Is coronavirus mainly spread through coughing? How MMJ smokers can reduce their risk
Since the outbreak of the COVID-19 pandemic in the first few months of 2020, many people have been affected by the disease. Approximately 103 million people have contracted the virus at the time of writing, with over two million of those people having lost their lives to the disease. With the pandemic still in full swing around the world, concerns about catching the virus and suffering serious complications are still on everyone’s lips.
For those who use medical marijuana to deal with complications from chronic illnesses, this concern can be compounded, especially if the route of ingestion chosen is through smoking. But how does smoking medical marijuana affect COVID-19? And are those who use medical marijuana more at risk?
How is COVID-19 mainly transmitted?
There are many ways that the COVID-19 virus can be transmitted from person to person. The greatest risk of transmission is from airborne droplets. When a person coughs, sneezes, sings, screams, or speaks, droplets of breath are forced into the air. If someone inhales infected droplets, they too now have the virus in their body.
The droplets range in size from small (often called aerosols, which can linger in the air) to large (which quickly fall to the ground). This suggests that larger droplets are less threatening than smaller ones. Coughing can produce both large and small droplets, depending on where it comes from. If the droplets are produced in the larynx and then coughed into the air, they are likely to be smaller droplets, while droplets from the oral cavity are typically larger when coughing.
Image by Elsa Olofsson via Unsplash: Could Smoking Medical Marijuana Increase Your Risk of Containing COVID-19?
Are Smokers More Prone To COVID-19?
According to the World Health Organization, smokers may be more susceptible to contracting the virus, but not because of the effects of smoking on the body. Smokers are likely to be more susceptible because they put something into their mouth with their hands that may be contaminated. This hand-to-mouth movement increases the likelihood of transmitting the virus.

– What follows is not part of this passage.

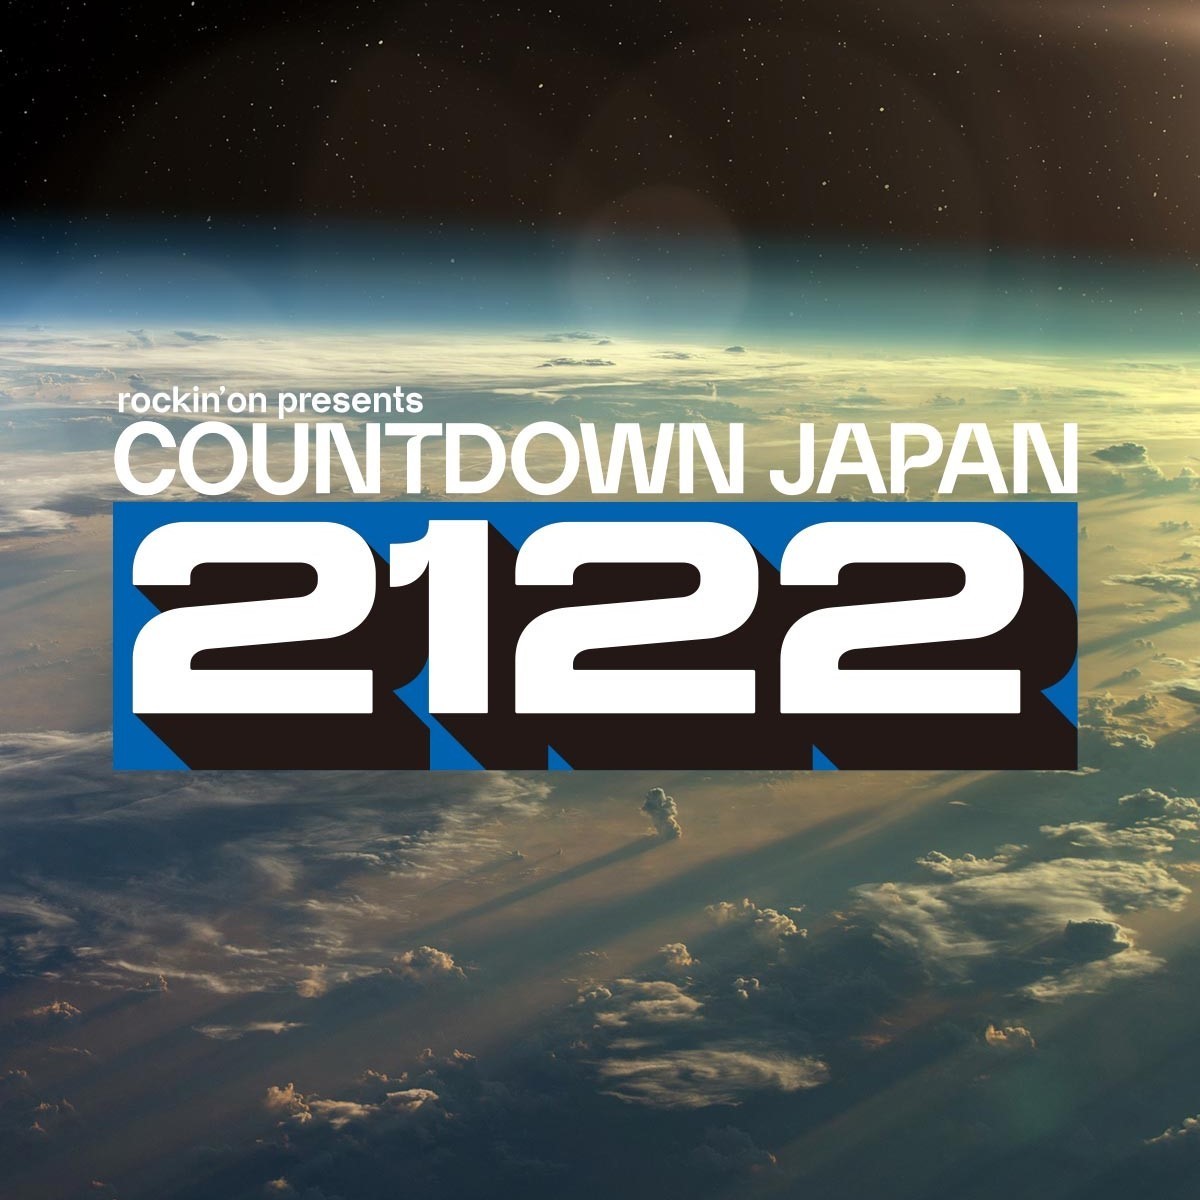 Countdown Japan 21 22 全 出演アーティスト発表でユニゾン マンウィズ Bish ずとまよ Sumika ヤバt サウシー キュウソ 打首ら決定

Many people also often smoke in social situations, which can lead to an increased risk of transmission if the sharing occurs. For those who smoke medical marijuana, this social aspect is generally eliminated and therefore the risk of transmission is lower than for those who smoke cigarettes or recreational marijuana.
How could smoking affect COVID-19?
Since smoking medical marijuana increases the risk of infections and respiratory complications, if someone becomes infected with the virus, results may be worse. Smoking cannabis can damage the lungs, and since COVID-19 is a lung infection, it can lead to more severe symptoms. Some research has also shown that THC can potentially alter the effectiveness of the immune system, which could make it harder for someone to fight off a COVID-19 infection.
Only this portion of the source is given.